Check when A = -3pi/8,
sin(2* -3pi/8) =? cos(2* -3pi/8)
sin(-3pi/4) =? cos(-3pi/4)
using a calculator,
-0.7071 =? -0.7071
Yes, so, OK.
Therefore, A or theta = -3pi/4 or pi/4, in radians. ---------answer.
You should have just posted this one separately. Adding separate or new problems to an existing question is not a good practice.Originally Posted by Confuzzled?
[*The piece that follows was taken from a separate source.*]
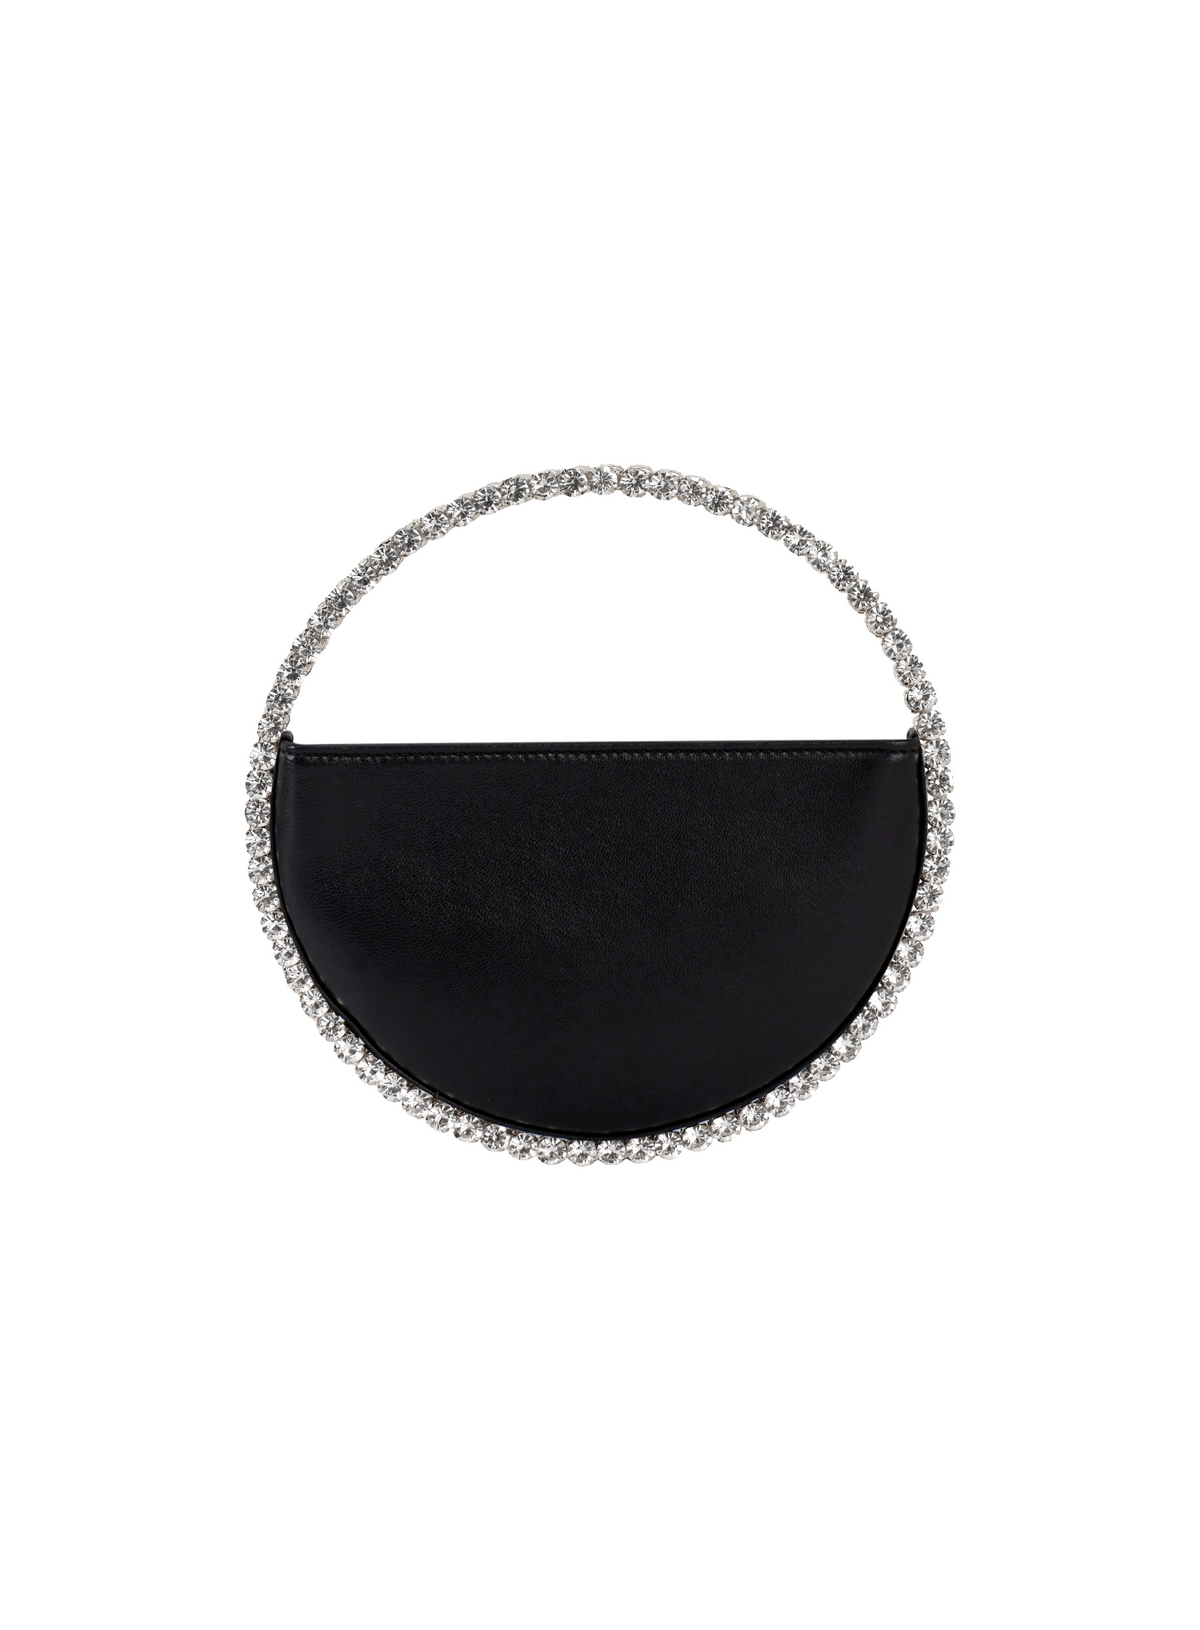 Picture of BLACK ROUND BAG

But let me answer this new one here, for I am about to leave for work and so I cannot wait for a new/separate posting.
tan(3A)*[tan(3A) +1] = 2
tan^2(3A) +tan(3A) -2 = 0
That is like x^2 +x -2 = 0 if x=tan(3A), so, factoring,
[tan(3A) +2]*[tan(3A) -1] = 0
tan(3A) +2 = 0
tan(3A) = -2
Negative tangent, so angle 3A is in 2nd or 4th quadrants
3A = arctan(-2) -----***
Using a calculator,
3A = -1.10715 radians ---in the 4th quadrant
In normal measuring, counterclockwise, that is (2pi -1.10715) = 5.176 rad
Hence,
A = 5.176/3 = 1.72535 radians ----------**
3A = -1.10715 -pi = -4.2491 rad ----in the 2nd quadrant
Counterclocwise, that is 2pi -4.2491 = 2.0341 rad
hence, A = 2.0341/3 = 0.678 rad --------**
Check when A = 1.72535 rad,
tan(3*1.72535)[tan(3*1.72535) +1] =? 2
(-2)[-2 +1] =? 2
-2[-1] =? 2
2 =? 2
Yes, so, OK.
Check when A = 0.678 rad,
tan(3*0.678)[tan(3*0.678) +1] =? 2
(-2)[-2 +1] =? 2
-2[-1] =? 2
2 =? 2
Yes, so, OK.
Therefore, A or theta = 0.678 or 1.72535, in radians. -----answer.
--------------
Ooppss, I forgot about the other factor.
tan(3A) -1 = 0
tan(3A) = 1
Positive tangent, so angle 3A is in 1st or 3rd quadrants
3A = arctan(1) ---***
3A = pi/4, in the 1st quadrant, so,
A = pi/4/3 = pi/12 rad ------**
3A = pi +pi/4 = 5pi/4, in the 3rd quadrant, so,
A = 5pi/4/3 = 5pi/12 rad -----**
Check when A = pi/12 rad,
tan(3*pi/12)[tan(3*pi/12) +1] =? 2
tan(pi/4)[tan(pi/4) +1] =? 2
(1)[1 +1] =? 2
1[2] =? 2
2 =? 2
Yes, so, OK.
Check when A = 5pi/12 rad,
tan(3*5pi/12)[tan(3*5pi/12) +1] =? 2
tan(5pi/4)[tan(5pi/4) +1] =? 2
(1)[1 +1] =? 2
1[2] =? 2
2 =? 2
Yes, so, OK.
Therfore, altogether,
A or theta = pi/12, 0.678, 5pi/12, or 1.72535, all in radians. ---answer.